=== INSTRUCTIONS FOR THE TASK ===
Exactly as they appear, copy the lines of the listing from the one containing "1.50 carat round emerald" through the final line, both included, and nothing else.

=== DATA SECTION ===
**********
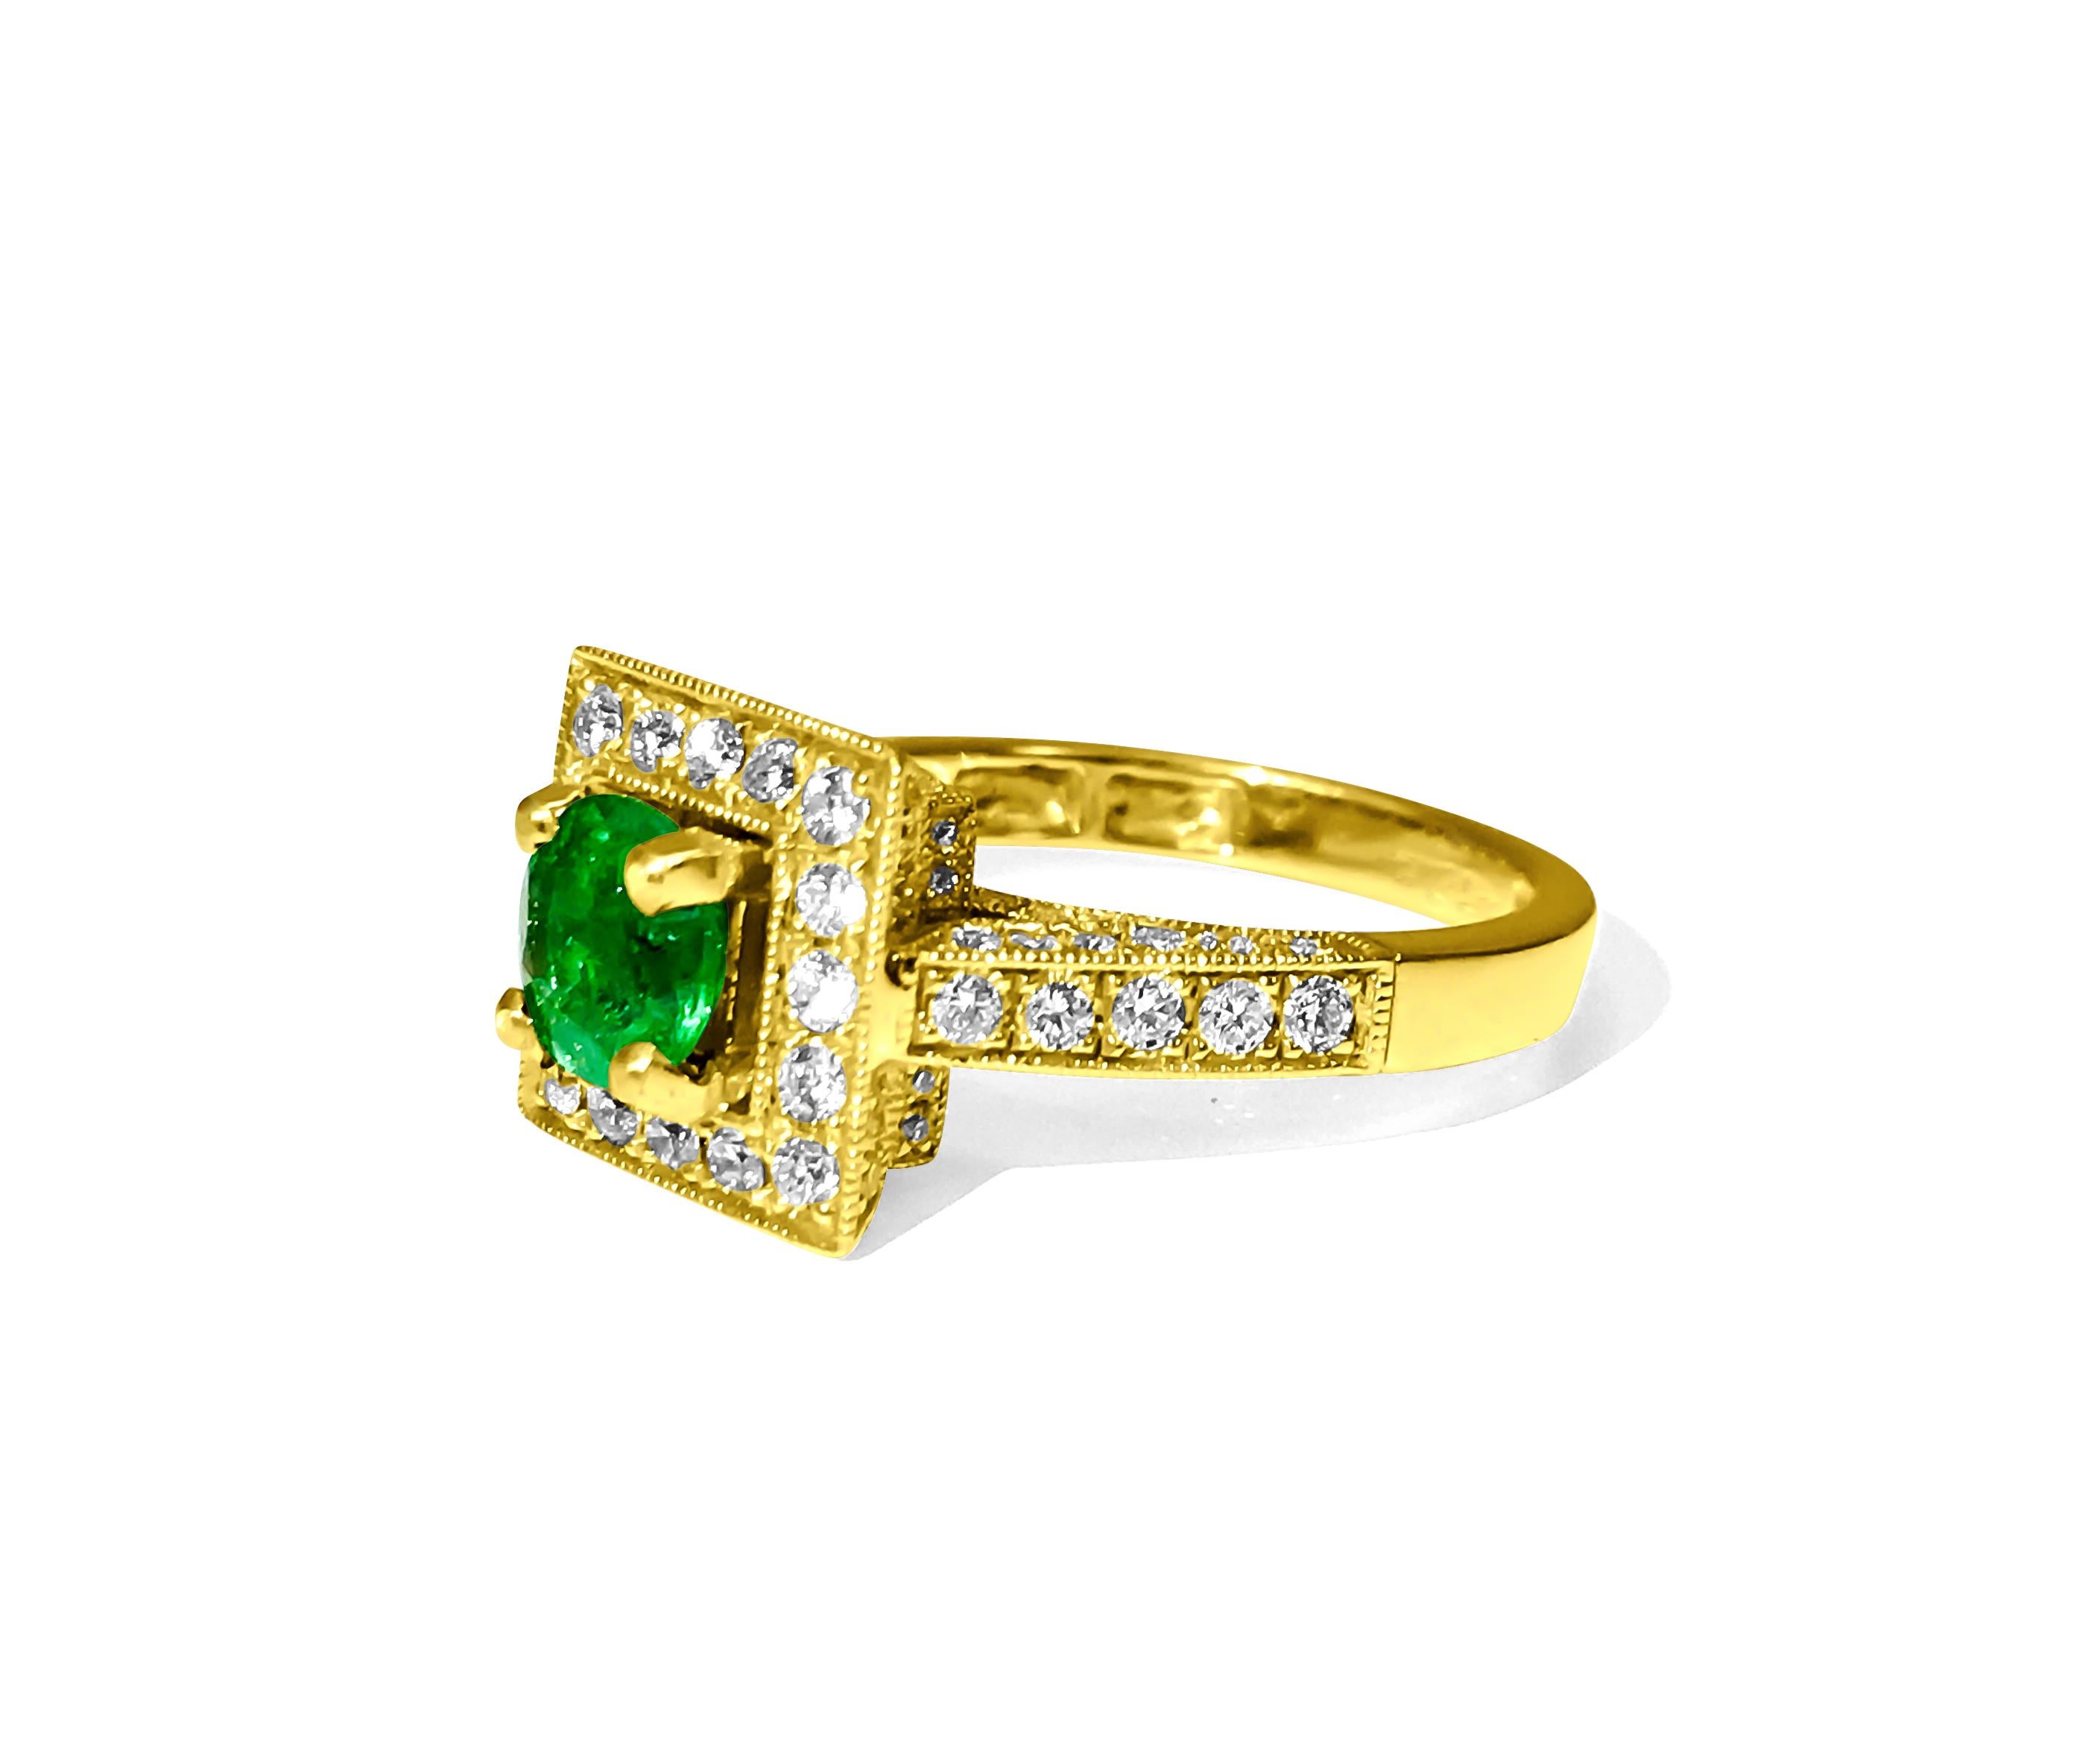 Metal: 18k yellow gold.  
1.50 carat round emerald set in prongs. 100% natural earth mined emerald. 

1.50 carat round brilliant cut diamonds. VS clarity and G color. 100% natural earth mined and genuine diamonds. Total carat weight of all precious
**********
=== TASK ANSWER ===
1.50 carat round emerald set in prongs. 100% natural earth mined emerald. 

1.50 carat round brilliant cut diamonds. VS clarity and G color. 100% natural earth mined and genuine diamonds. Total carat weight of all precious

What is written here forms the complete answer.